The Hemp Connection + supplements

A great example of why too much focus on carbs may actually hurt your PCOS success

If cutting carbs was the only dietary strategy needed to help PCOS, this blog wouldn't exist. There are clearly thousands of women, based on the traffic statistics for this blog, who've tried that approach without success.

One of the food groups that gets cut out of the diet when we worry too much about carbohydrates, is fruit. And fruits are just loaded with antioxidants that are showing potential to help balance our biochemistry.

Resveratrol is one of those anti-oxidants. It is a compound well recognized for its benefits in reducing cancer risk, inflammation, cardiovascular disease, blood clotting, and other aging-related issues. It is actually a compound that some plants have the ability to produce to fight off pathogens that threaten their own health, that turns out to have the same ability in humans.

A recent study specifically done with PCOS suggests that it has potential for women with this syndrome.

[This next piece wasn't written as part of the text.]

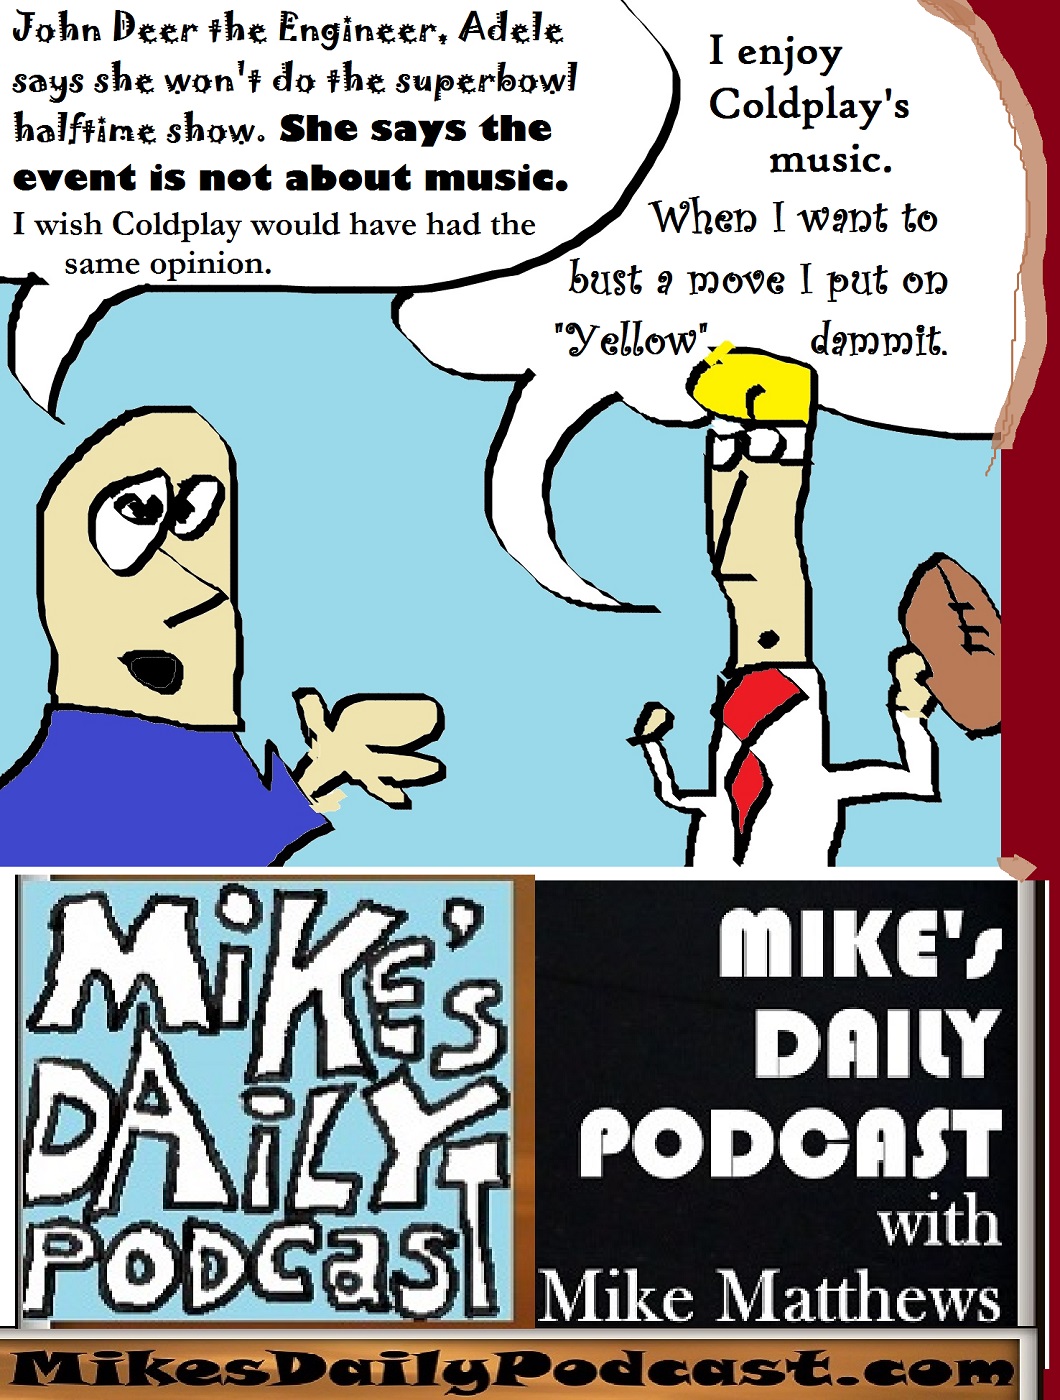 MIKEs DAILY PODCAST 1152 John Deer the Engineer football

In rats, resveratrol was shown to reduce the excess growth of ovarian tissue. It also inhibited the tendency for insulin to promote this type of excess tissue growth.

Where do you get this great stuff?

1. Red grapes, blueberries, bilberries, and cranberries. Bilberry extract is most commonly found in supplement form. The other fruits are often taken out of a low-carbohydrate diet. Don't make this mistake!

2. Red wine. For those of you who are trying to conceive, please exercise caution with this choice. It's best to pursue the nonalcoholic options provided here. But if you are not in that category, consider enjoying a glass of red wine with dinner tonight! Spanish red wines and New York pinot noirs are your best option, they've been found to have the highest resveratrol concentrations.

3. Peanuts and peanut butter. I love this one. Sometimes we think nutrition has to be complicated…but a PB and grape J sandwich is a perfect PCOS-friendly lunch!

4. Resveratrol supplements. These are primarily made from extracts of the kojo-kon root. Not that supplementation is bad, but I've been around long enough to see that when you isolate a compound from its natural source, you often miss out on other factors and compounds that either help make that compound more effective, or that may be the really important compound in the first place. So I'd encourage the other choices over supplementing. Another consideration that is important is potential conception. I just don't like to recommend supplements to anyone who might become pregnant when I don't know for sure if they have more potential to be helpful or harmful.

5. Dark chocolate and non-dutched cocoa powder. So now if anyone, anyone at all, questions why that really, really high-cacao bittersweet chocolate jumped from the shelf in the Trader Joe's checkout line into your grocery bag…just tell them "the inCYST blog made me do it".

Just a note, in addition to pure chocolate squares, think hot chocolate and mole sauce!

One important point I need to make here is that when resveratrol-containing foods are included in a balanced diet, they can have benefit. It's important to not eliminate entire categories of food. Resveratrol, however, has the ability to affect estrogen levels, in both directions. It's best not to overdose on the supplement because it's"good". Balance is always the goal in PCOS.

Wong DH, Villanueva JA, Cress AB, Duleba AJ. Effects of resveratrol on proliferation and apoptosis in rat ovarian theca-interstitial cells. Mol Hum Reprod. 2010 Jan 12. [Epub ahead of print]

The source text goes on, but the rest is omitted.